In an explicit definition, name a summary class with the list of fields to include:

search [name] {

 document [name] {
   …
 }

 document-summary [name] {

   summary [field name] type [type] {
     source: [source field name]
   }

   summary [field name] type [type] {
     source: [source field name], [source field name]
   }

 }
}

Example: Equivalent to the above example

# A basic search definition - called music, should be saved to music.sd
search music {

  # It contains one document type only - called music as well
  document music {

    field title type string {
      indexing: summary | index   # How this field should be indexed
    }

    field artist type string {
      indexing: summary | attribute | index
    }

    field year type int {
      indexing: summary | attribute
    }

    field popularity type int {
      indexing: summary | attribute
    }

    field url type uri {
      indexing: summary | index
    }

   }

  fieldset default {
    fields: title, artist
  }

  rank-profile default inherits default {
    first-phase {
      expression: nativeRank(title,artist) + attribute(popularity)
    }
  }

  rank-profile textmatch inherits default {
    first-phase {
      expression: nativeRank(title,artist)
    }
  }

  document-summary titleyear {

    summary title type string {
      source: title
    }

    summary year type int {
      source: year
    }
  }
}

It is also possible to combine implicit and explicit definition of summary classes. For more details on summary properties, see Search Definitions: Summary.
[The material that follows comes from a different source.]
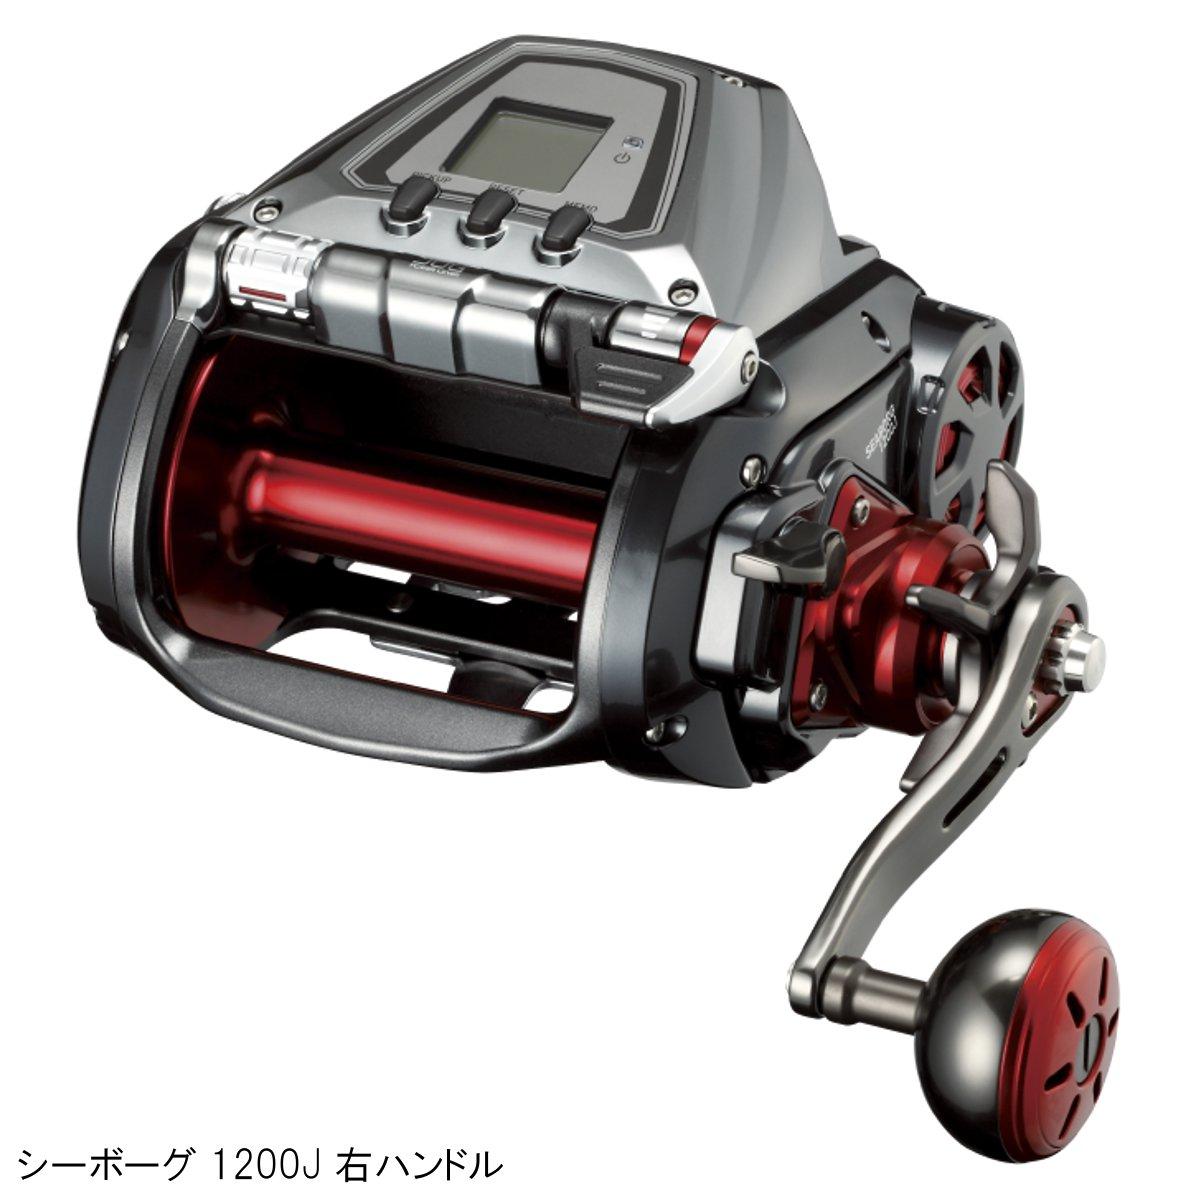 ダイワ シーボーグ 1200J 右ハンドル(東日本店)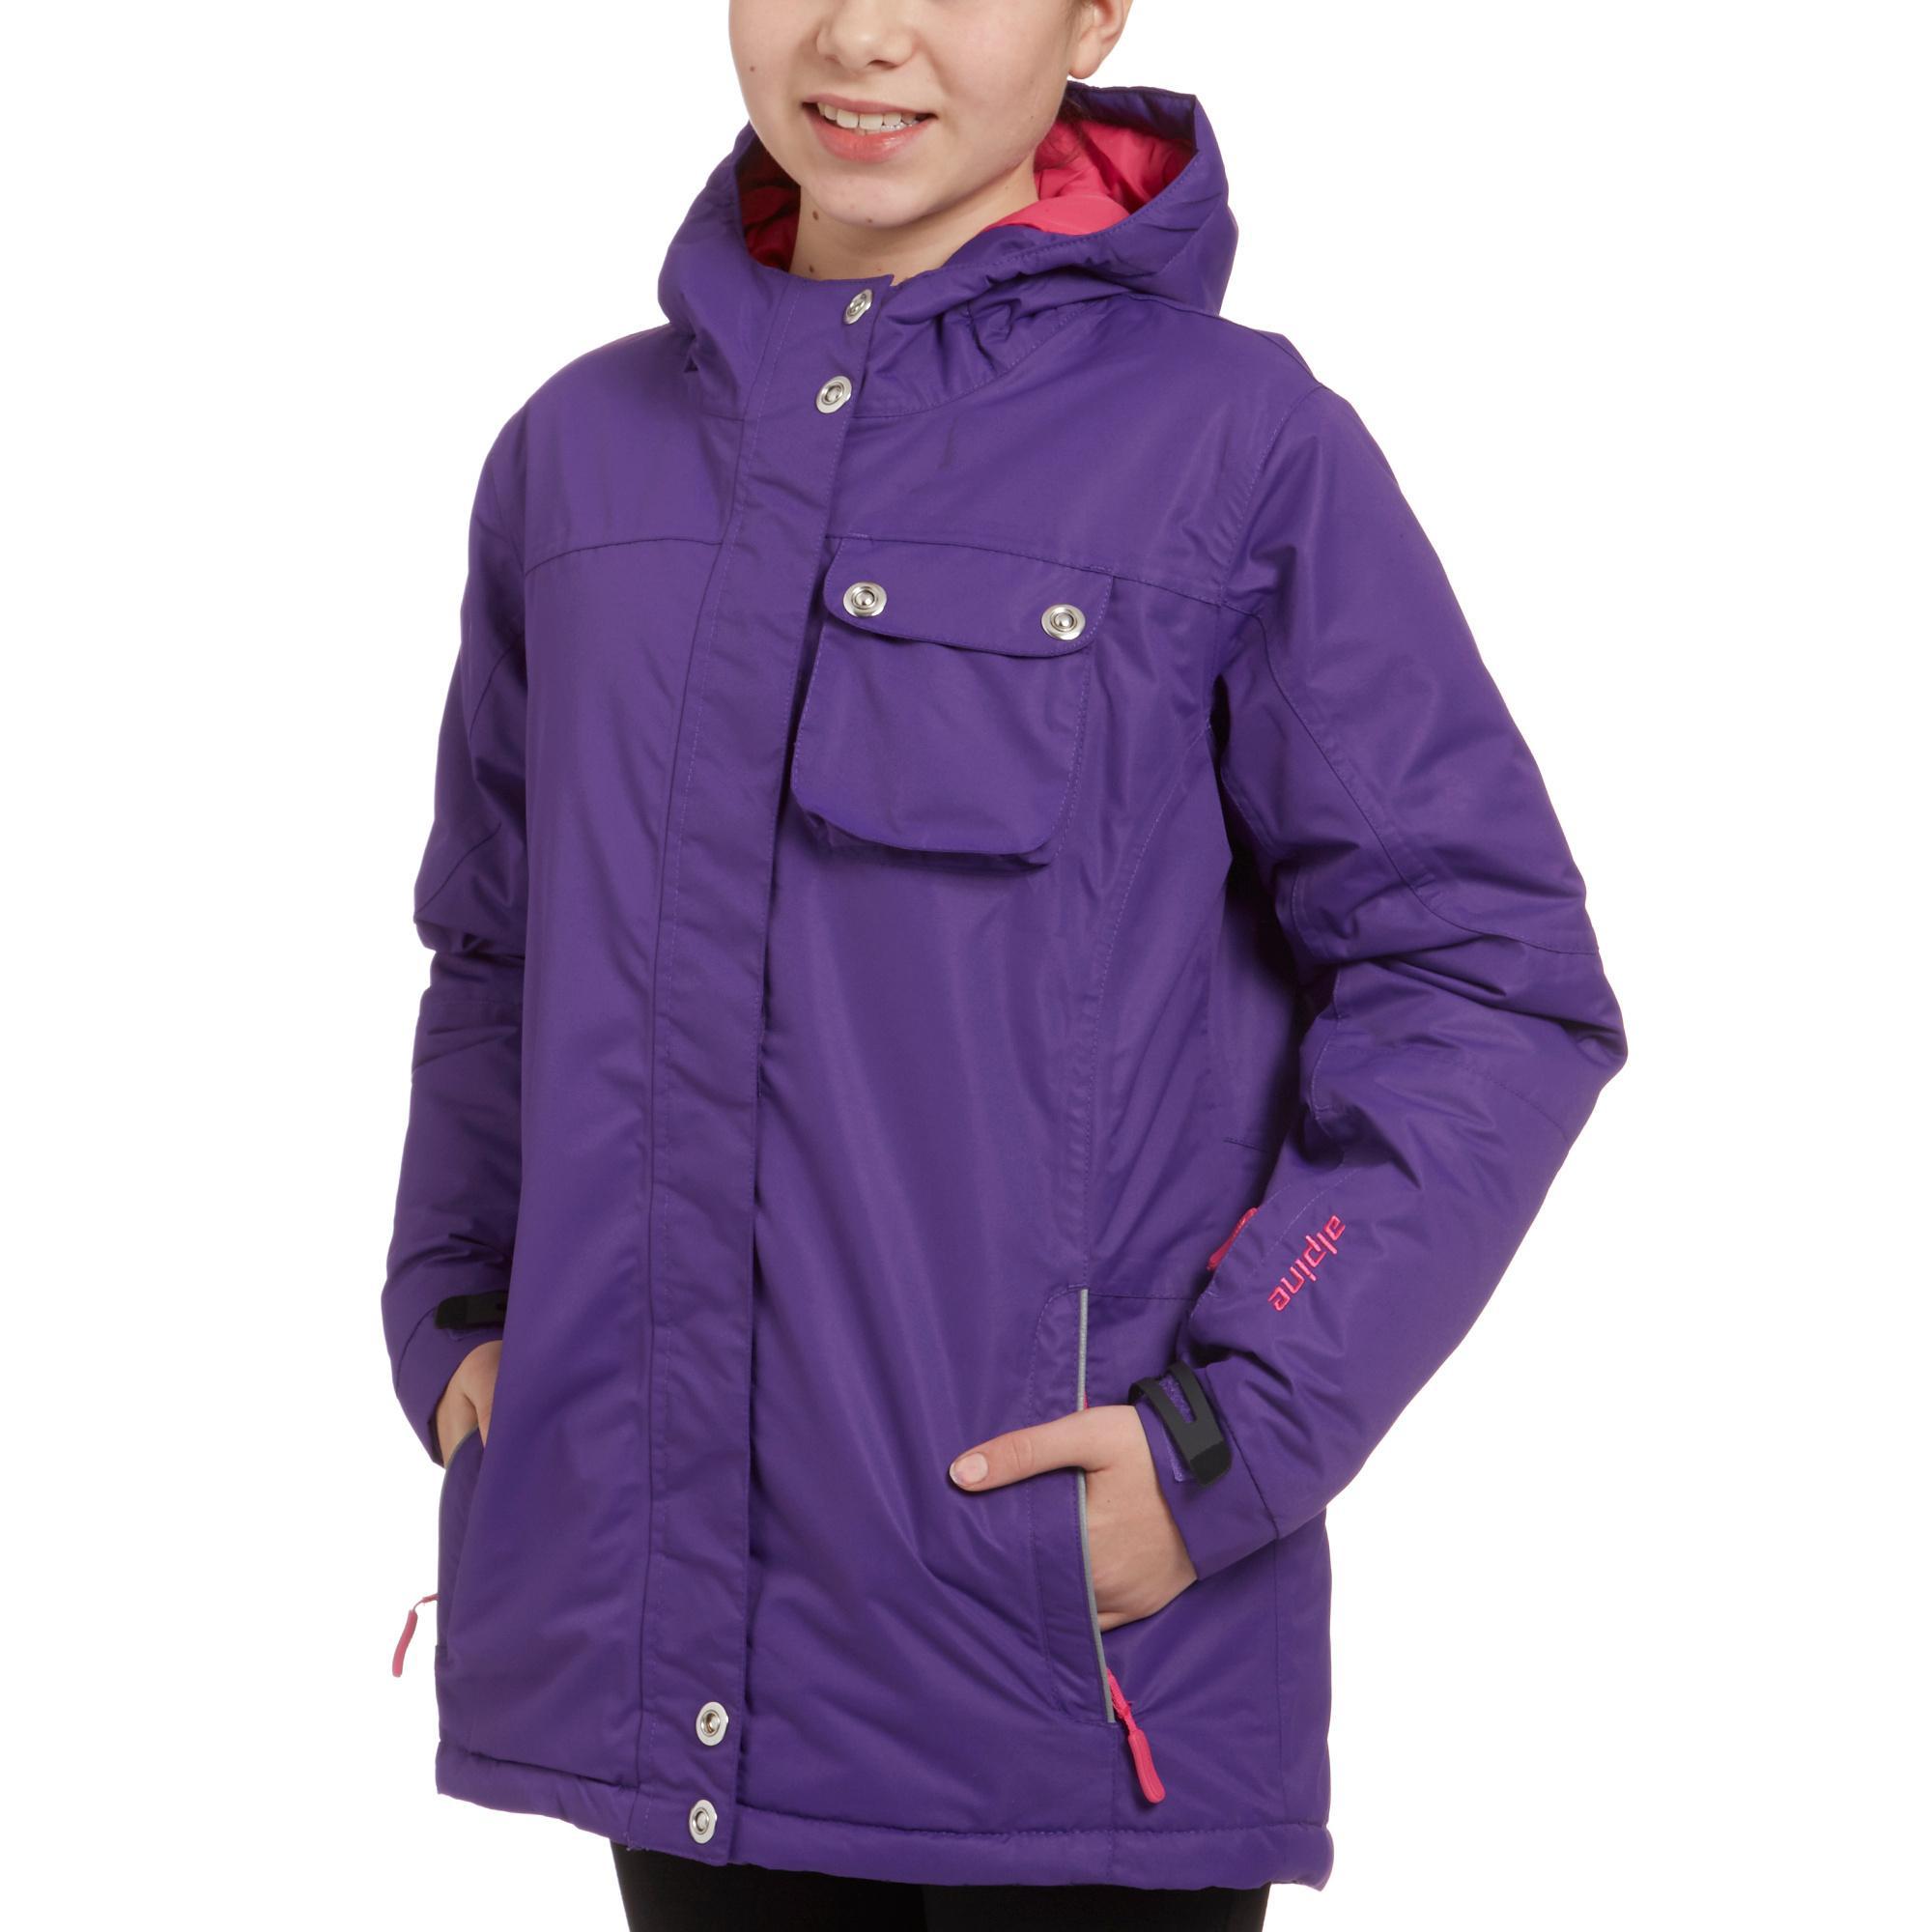 Alpine Girl's Ski Jacket, Purple

Summary classes in queries

Use summary=[summary name] in the query to choose the summary class to use (the default one is called default). See Search API. Example:

/search/?yql=select+*+from+sources+*+where+default+contains+"best"%3B&summary=titleyear
The select statement in YQL lists a set of fields to return. Vespa in general makes a best effort to return those fields, and only those fields, unless a wildcard ("*") is given as argument. The wildcard implies returning the full set of fields included in the given summary class.

In conjunction with YQL statements, the summary argument operates like a definition of the set which YQL select then chooses a subset of fields from.

In other words, if the YQL expression is "select * …", and the summary argument is titleyear, all the fields in the summary class titleyear will be returned. If the select statement lists one or more fields (and summary is titleyear), the summary class titleyear is fetched, and the fields not listed in the select statement will be stripped away.

Document store

Documents are stored in the document store in proton. Put, update and remove operations are persisted in the transaction log server (TLS) before updating the document in the document store. The operation is ack'ed to the client and the result of the operation is immediately seen in search results.

Note: If visibility-delay is set to non-zero, writes are batched (for better write performance) and delayed in search results.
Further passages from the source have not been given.